§ **Your assignment**: Scan the entries below for the word "Wiring" and copy every line where it turns up.

[Saved data entries]
-.-.-

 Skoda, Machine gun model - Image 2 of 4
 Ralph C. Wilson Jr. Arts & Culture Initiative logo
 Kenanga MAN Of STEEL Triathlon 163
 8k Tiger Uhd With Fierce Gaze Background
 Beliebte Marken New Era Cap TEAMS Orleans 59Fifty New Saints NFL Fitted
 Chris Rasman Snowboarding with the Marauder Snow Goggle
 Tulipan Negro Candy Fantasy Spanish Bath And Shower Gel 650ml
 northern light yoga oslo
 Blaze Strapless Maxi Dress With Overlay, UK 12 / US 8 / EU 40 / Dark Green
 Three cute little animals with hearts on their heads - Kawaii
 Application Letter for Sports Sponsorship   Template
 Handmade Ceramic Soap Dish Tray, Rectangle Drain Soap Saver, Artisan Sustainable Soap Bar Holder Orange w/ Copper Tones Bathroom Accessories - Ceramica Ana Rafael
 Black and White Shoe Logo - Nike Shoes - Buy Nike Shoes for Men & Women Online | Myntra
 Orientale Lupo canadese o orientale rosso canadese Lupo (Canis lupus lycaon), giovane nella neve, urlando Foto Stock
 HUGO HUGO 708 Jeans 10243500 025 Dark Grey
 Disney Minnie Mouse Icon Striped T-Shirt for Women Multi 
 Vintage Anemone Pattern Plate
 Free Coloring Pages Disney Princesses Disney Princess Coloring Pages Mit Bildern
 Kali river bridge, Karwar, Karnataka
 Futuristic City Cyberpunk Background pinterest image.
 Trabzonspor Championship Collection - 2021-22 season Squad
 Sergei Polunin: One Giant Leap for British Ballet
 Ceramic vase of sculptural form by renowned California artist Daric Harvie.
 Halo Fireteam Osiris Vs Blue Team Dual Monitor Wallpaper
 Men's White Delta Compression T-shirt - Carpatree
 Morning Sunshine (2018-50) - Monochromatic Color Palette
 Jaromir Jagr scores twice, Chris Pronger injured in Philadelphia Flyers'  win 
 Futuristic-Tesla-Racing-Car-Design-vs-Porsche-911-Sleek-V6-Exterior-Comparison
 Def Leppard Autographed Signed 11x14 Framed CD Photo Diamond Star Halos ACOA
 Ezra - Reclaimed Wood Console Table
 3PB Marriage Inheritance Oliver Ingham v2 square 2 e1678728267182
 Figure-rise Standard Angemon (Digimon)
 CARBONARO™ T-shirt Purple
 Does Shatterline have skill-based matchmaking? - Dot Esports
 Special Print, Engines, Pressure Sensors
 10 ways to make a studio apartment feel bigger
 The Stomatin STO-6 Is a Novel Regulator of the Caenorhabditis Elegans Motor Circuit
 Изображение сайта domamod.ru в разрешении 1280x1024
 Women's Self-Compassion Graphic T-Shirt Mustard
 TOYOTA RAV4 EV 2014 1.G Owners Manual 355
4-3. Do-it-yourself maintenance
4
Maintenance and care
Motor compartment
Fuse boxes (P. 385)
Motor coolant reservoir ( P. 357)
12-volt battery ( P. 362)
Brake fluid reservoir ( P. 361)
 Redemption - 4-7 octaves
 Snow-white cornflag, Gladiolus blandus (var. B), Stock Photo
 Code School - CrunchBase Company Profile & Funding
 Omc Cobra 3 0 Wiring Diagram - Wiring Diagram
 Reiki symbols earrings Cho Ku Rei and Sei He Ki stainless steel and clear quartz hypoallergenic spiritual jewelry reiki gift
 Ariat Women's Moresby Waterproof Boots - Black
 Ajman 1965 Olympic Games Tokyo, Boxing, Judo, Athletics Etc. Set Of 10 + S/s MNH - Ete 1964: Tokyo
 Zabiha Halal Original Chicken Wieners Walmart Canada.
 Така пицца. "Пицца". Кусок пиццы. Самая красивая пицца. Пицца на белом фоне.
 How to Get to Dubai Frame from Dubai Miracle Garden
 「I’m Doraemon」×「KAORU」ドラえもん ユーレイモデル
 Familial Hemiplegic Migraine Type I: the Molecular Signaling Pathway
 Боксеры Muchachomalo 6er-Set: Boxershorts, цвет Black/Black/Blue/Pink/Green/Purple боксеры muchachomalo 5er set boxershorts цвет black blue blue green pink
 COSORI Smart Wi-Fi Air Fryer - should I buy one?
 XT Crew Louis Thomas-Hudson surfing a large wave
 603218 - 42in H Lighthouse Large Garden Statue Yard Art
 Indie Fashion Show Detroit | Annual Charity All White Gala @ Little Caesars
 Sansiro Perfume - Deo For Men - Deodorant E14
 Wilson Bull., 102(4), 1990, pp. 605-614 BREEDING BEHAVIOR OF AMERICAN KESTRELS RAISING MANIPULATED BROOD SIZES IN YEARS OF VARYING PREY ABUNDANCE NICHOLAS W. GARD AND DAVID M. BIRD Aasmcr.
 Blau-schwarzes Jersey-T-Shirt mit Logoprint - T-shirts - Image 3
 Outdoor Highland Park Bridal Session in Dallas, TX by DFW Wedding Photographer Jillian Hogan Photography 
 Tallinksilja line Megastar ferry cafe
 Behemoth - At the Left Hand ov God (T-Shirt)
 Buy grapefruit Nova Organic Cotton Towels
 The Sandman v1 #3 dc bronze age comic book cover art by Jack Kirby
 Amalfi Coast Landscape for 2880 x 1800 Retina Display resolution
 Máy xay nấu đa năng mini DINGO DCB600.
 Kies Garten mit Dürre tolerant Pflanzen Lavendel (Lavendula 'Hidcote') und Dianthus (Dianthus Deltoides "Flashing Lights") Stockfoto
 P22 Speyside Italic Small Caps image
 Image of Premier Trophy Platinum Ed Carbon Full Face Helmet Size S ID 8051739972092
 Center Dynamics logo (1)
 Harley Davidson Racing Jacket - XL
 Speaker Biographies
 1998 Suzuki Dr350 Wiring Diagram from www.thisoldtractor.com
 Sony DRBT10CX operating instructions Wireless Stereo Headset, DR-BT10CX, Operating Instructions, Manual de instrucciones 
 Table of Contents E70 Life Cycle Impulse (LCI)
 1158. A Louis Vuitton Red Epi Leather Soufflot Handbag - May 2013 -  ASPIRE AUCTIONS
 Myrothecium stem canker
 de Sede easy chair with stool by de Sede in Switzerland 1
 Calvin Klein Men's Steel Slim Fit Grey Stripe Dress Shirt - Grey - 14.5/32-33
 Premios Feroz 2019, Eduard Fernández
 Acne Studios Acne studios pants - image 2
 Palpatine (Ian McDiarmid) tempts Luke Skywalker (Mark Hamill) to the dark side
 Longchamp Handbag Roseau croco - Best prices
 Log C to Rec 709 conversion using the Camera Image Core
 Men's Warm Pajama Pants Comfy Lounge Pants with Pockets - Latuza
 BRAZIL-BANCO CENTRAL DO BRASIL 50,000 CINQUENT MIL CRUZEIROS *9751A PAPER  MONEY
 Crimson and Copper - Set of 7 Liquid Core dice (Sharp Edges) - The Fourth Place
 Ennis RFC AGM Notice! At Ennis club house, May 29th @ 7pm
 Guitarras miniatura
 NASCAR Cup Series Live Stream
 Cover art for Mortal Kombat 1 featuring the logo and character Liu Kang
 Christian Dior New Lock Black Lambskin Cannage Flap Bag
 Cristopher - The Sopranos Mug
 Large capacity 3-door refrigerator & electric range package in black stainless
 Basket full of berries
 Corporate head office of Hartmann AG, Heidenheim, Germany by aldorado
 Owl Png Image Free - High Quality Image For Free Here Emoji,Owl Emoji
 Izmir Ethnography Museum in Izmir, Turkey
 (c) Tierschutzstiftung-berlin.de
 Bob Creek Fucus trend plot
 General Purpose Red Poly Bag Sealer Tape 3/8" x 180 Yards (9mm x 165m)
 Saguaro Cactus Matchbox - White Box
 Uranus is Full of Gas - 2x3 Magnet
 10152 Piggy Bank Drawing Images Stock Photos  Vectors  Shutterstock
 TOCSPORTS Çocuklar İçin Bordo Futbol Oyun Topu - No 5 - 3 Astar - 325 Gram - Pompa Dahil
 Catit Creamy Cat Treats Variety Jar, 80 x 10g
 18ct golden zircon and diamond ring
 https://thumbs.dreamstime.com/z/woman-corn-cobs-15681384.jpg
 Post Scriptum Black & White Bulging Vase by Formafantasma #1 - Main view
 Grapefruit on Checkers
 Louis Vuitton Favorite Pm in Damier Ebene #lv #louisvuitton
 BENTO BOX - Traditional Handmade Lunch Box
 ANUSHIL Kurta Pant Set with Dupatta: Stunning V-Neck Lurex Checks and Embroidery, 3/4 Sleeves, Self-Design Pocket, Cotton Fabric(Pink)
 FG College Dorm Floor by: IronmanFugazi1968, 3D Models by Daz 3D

-.-.-

§ **Answer to this exercise**:
 Omc Cobra 3 0 Wiring Diagram - Wiring Diagram
 1998 Suzuki Dr350 Wiring Diagram from www.thisoldtractor.com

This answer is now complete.